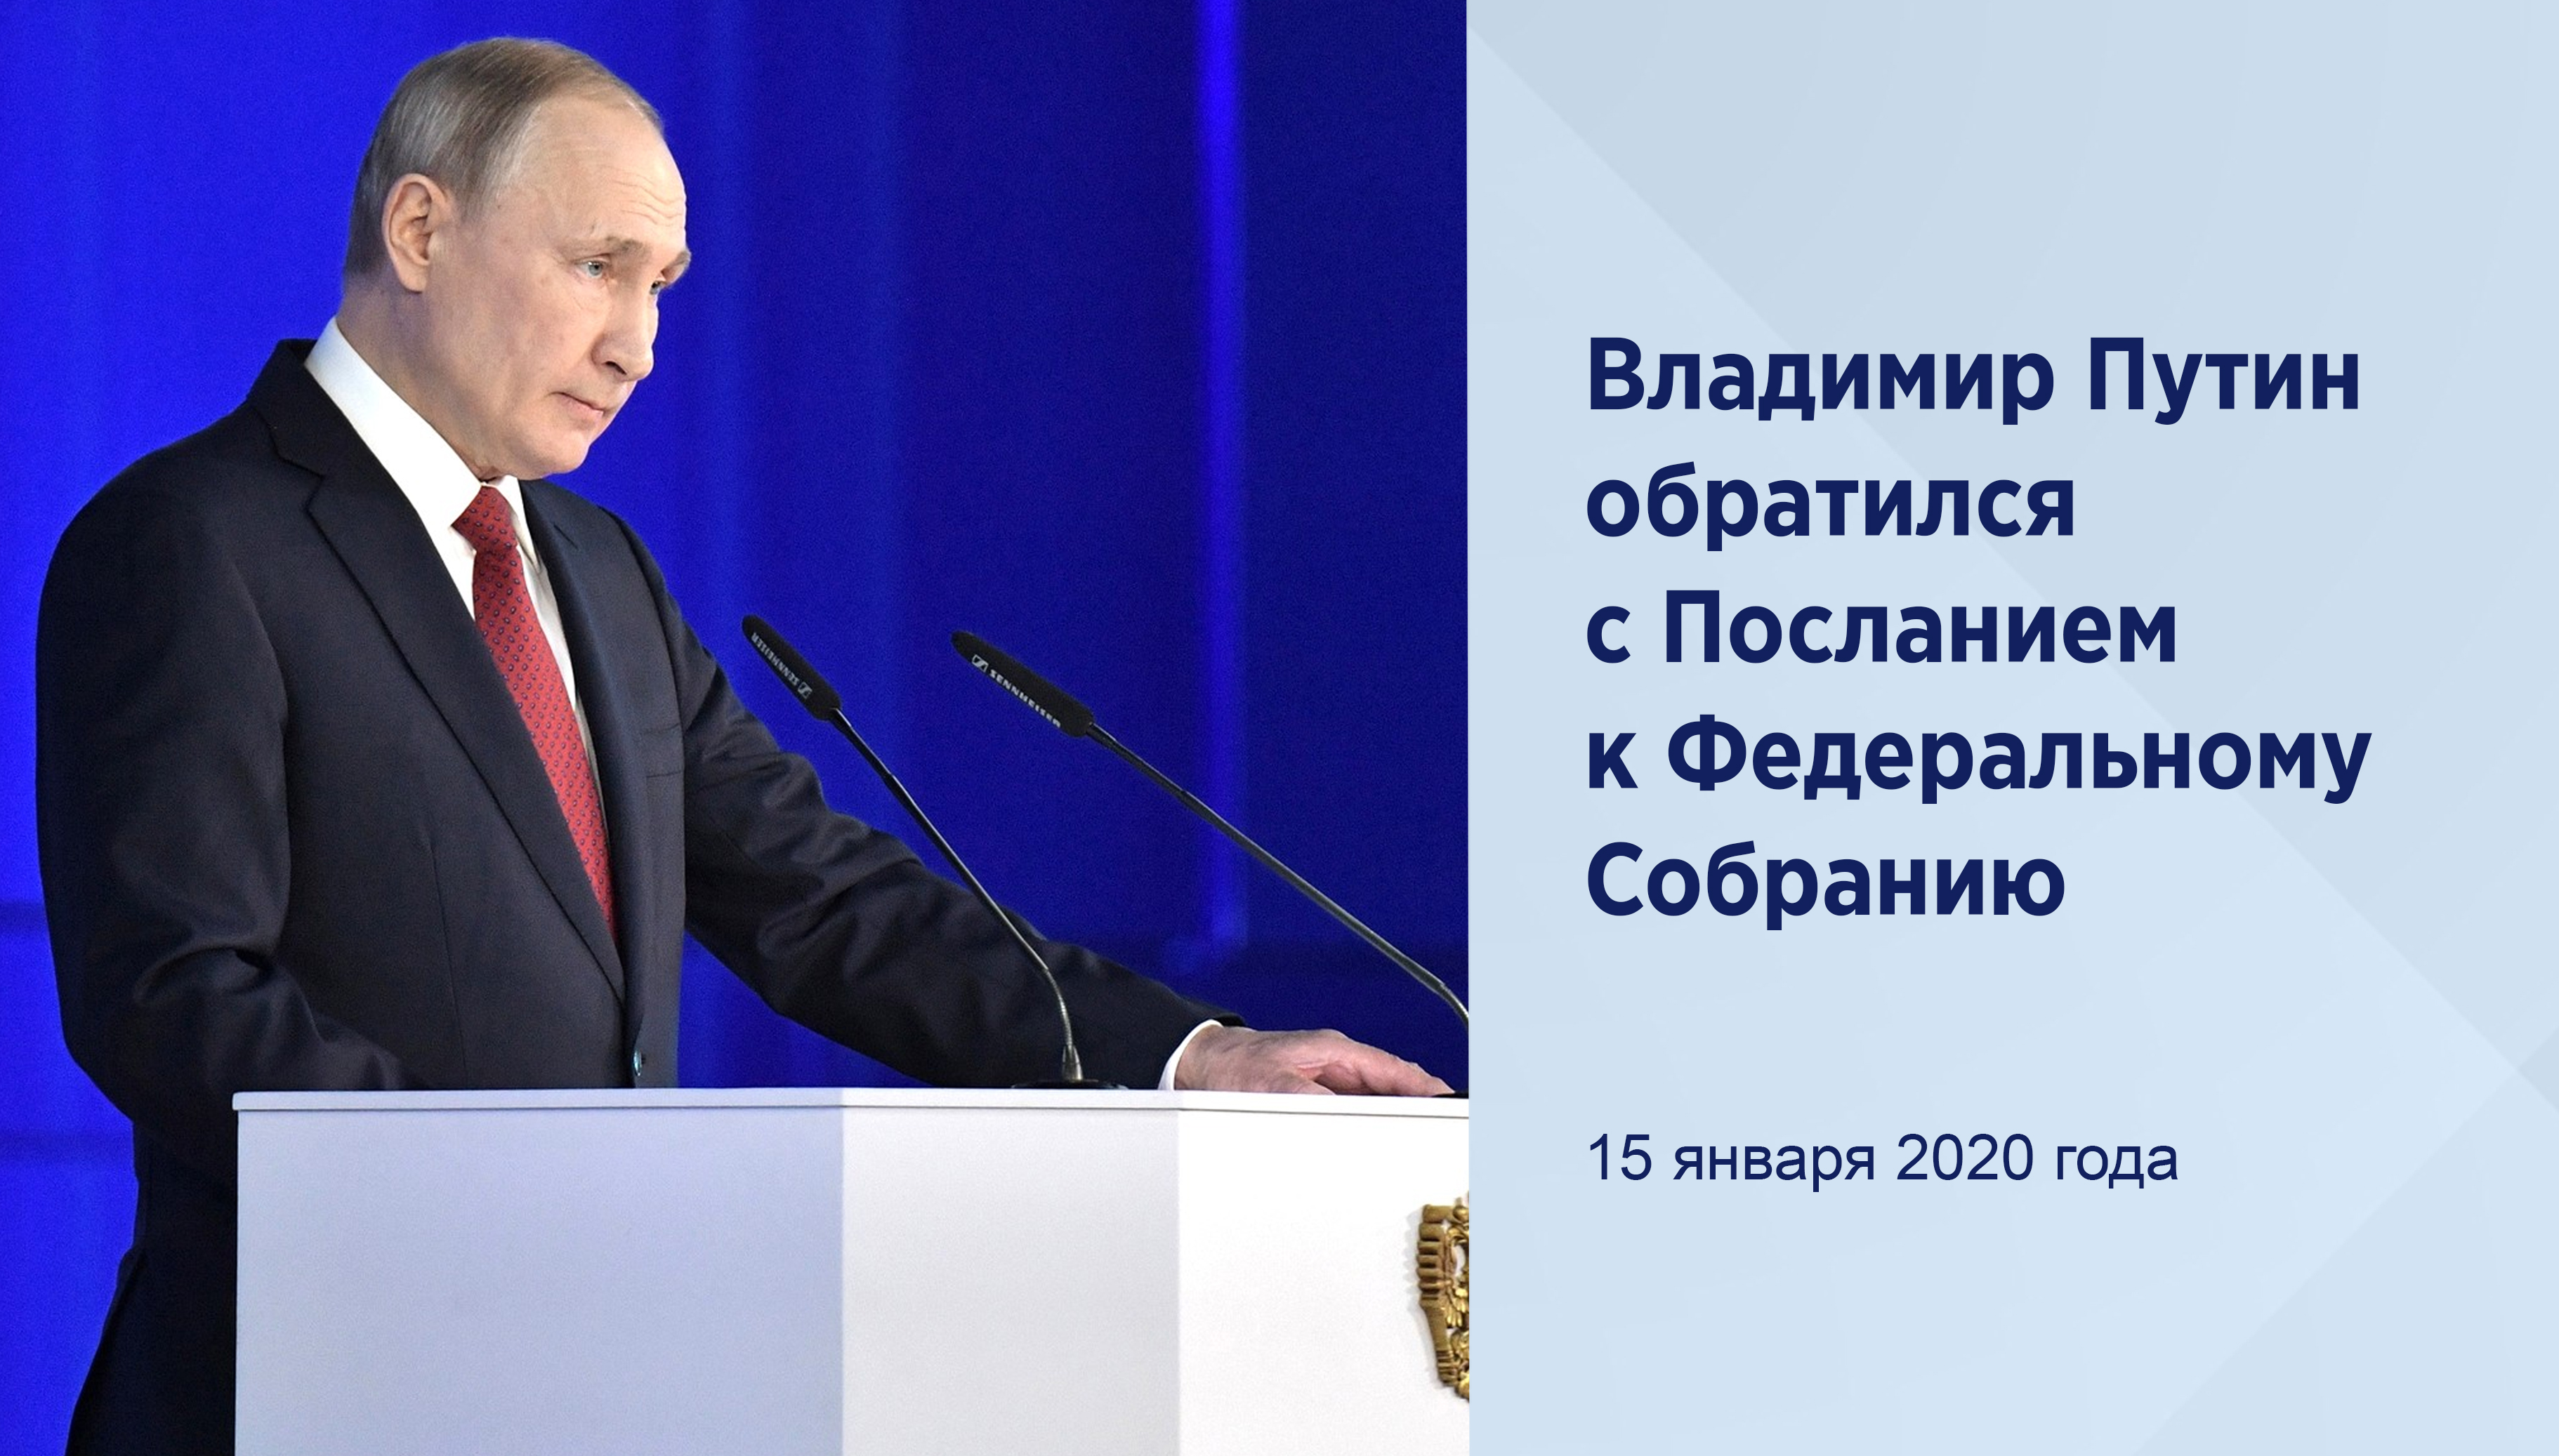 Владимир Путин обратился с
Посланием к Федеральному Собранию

---

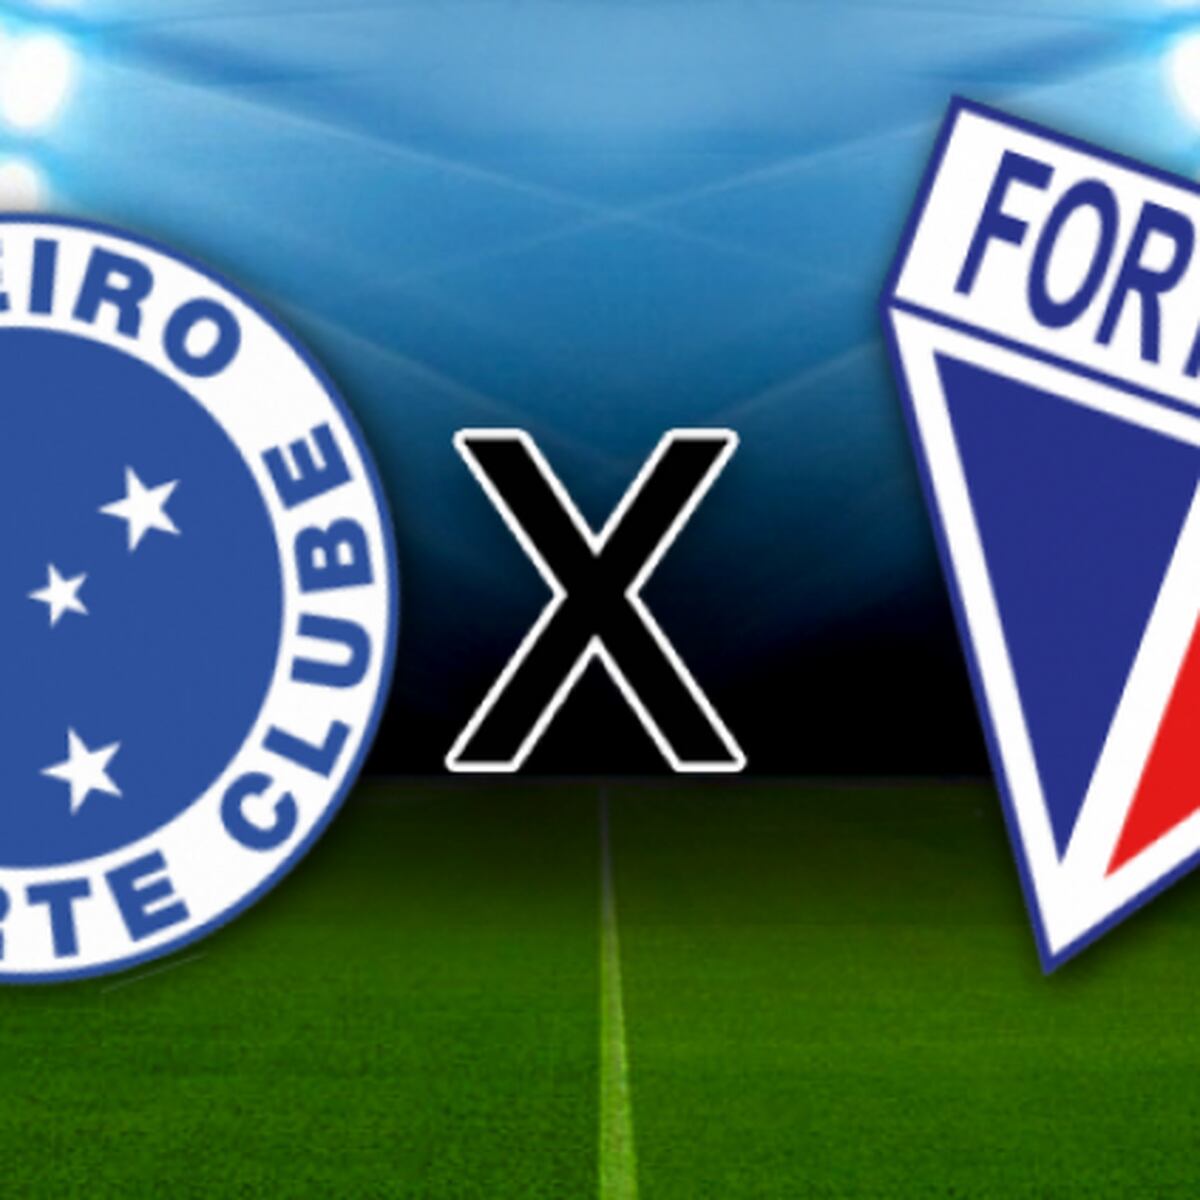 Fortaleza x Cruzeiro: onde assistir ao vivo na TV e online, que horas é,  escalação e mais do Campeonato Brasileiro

What is expected: Using the data above, return the lines from the one holding "Владимир Путин обратился с" through the one holding "Посланием к Федеральному Собранию" exactly, but not the pictures.

Task solution:
 Владимир Путин обратился с
Посланием к Федеральному Собранию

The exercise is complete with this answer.